Effect of Launaea procumbens extract on oxidative marker, p53, and CYP 2E1: a randomized control study

Rahmat Ali Khan1*, Muhammad Rashid Khan2, Sumaira Sahreen3 and Huda Mohammad Alkreathy4

1Department of Biotechnology, Faculty of Sciences, University of Science and Technology Bannu, KPK, Pakistan; 2Department of Biochemistry, Faculty of Biological Sciences, Quaid-i-Azam University, Islamabad, Pakistan; 3Botanical Sciences Division, Pakistan Museum of Natural History Islamabad, Pakistan; 4Department of Pharmacology, Faculty of Medicine, King Abdulaziz University, Jeddah, Saudi Arabia


Background: Ethyl acetate extracts of Launaea procumbens is used for the treatment of liver dysfunction as an herbal medicine in Pakistan. In this study, the protective effects of ethyl acetate extracts were evaluated against CCl4-induced liver injuries in rat.

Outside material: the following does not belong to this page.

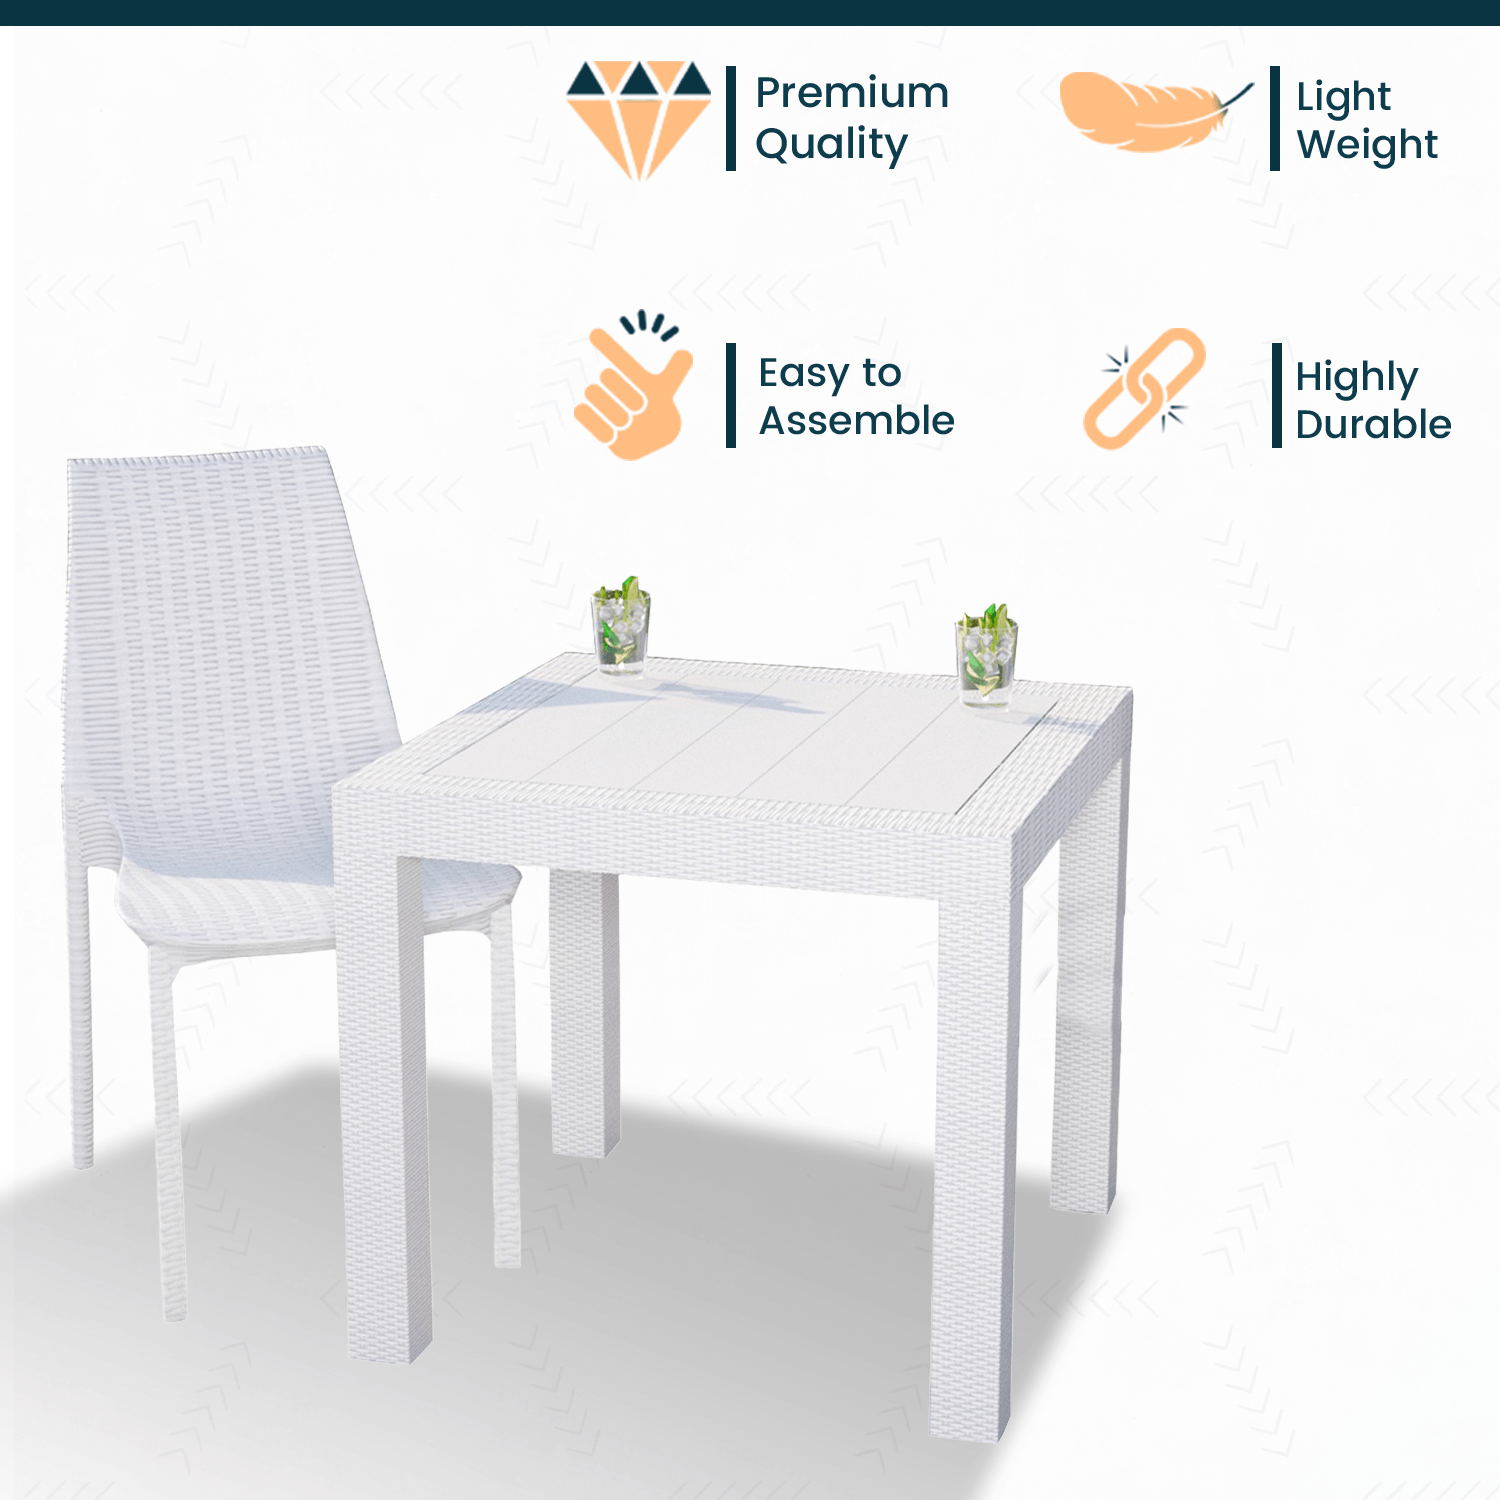 LeisureMod Kent Mid-Century Modern Weave Design 2-Piece Outdoor Patio Dining Set with Plastic Square Table and 2 Stackable Chairs for Patio, Poolside, and Backyard Garden (White) - image 4 of 18
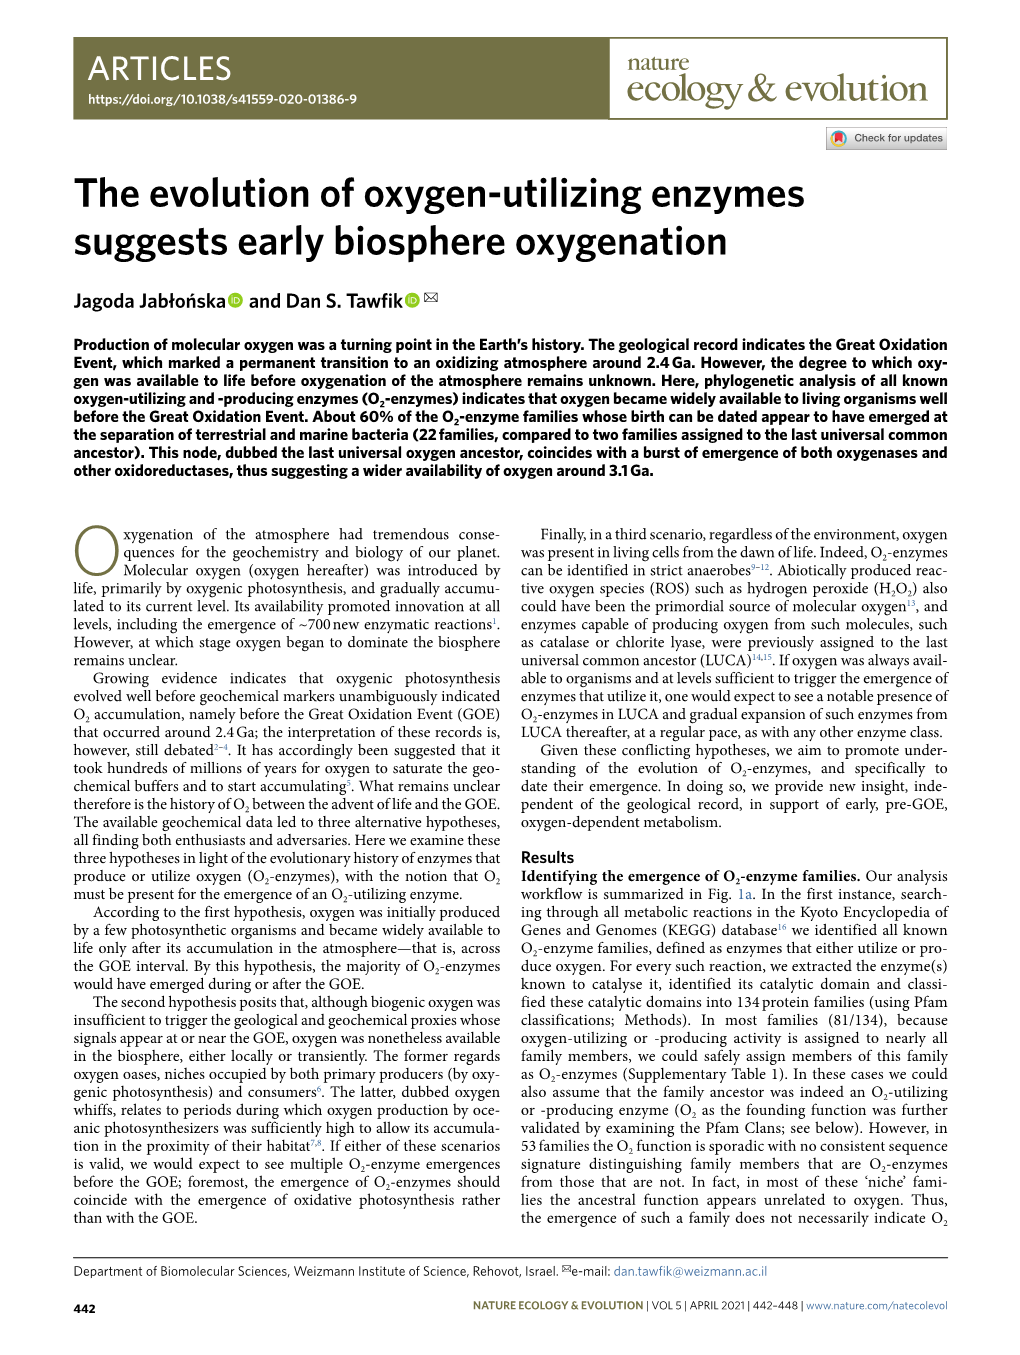 The Evolution of Oxygen-Utilizing Enzymes Suggests Early Biosphere Oxygenation

Methods: To examine the protective effects against oxidative stress of carbon tetrachloride in rats, 30 male rats were equally divided into 5 groups (6 rats). Among five groups, one was treated with CCl4 (3 ml/kg i.p. in olive oil b.w.) twice a week for 4 weeks. Others were orally fed with extracts (100, 200 mg/kg b.w.), with CCl4 twice a week for 4 weeks.

Results: Administration of CCl4 altered the serum marker enzymes, lipid profile, CYP 2E1, p53 expression, antioxidant enzymes, nuclear organizer regions (AgNORs), and DNA. Supplement of L. procumbens ameliorated the effects of CCl4, improved CYP 2E1, p53, and increased the activities of antioxidant enzymes while activity of liver marker enzymes (ALP, ALT, AST, g-GT) and contents of lipid per oxidation contents (TBARS), AgNORs, and DNA fragmentation were decreased. Similarly body weight was increased while liver and relative liver weight was decreased with co-administration of various extracts, suggesting that L. procumbens effectively protect liver against the CCl4-induced oxidative damage in rats.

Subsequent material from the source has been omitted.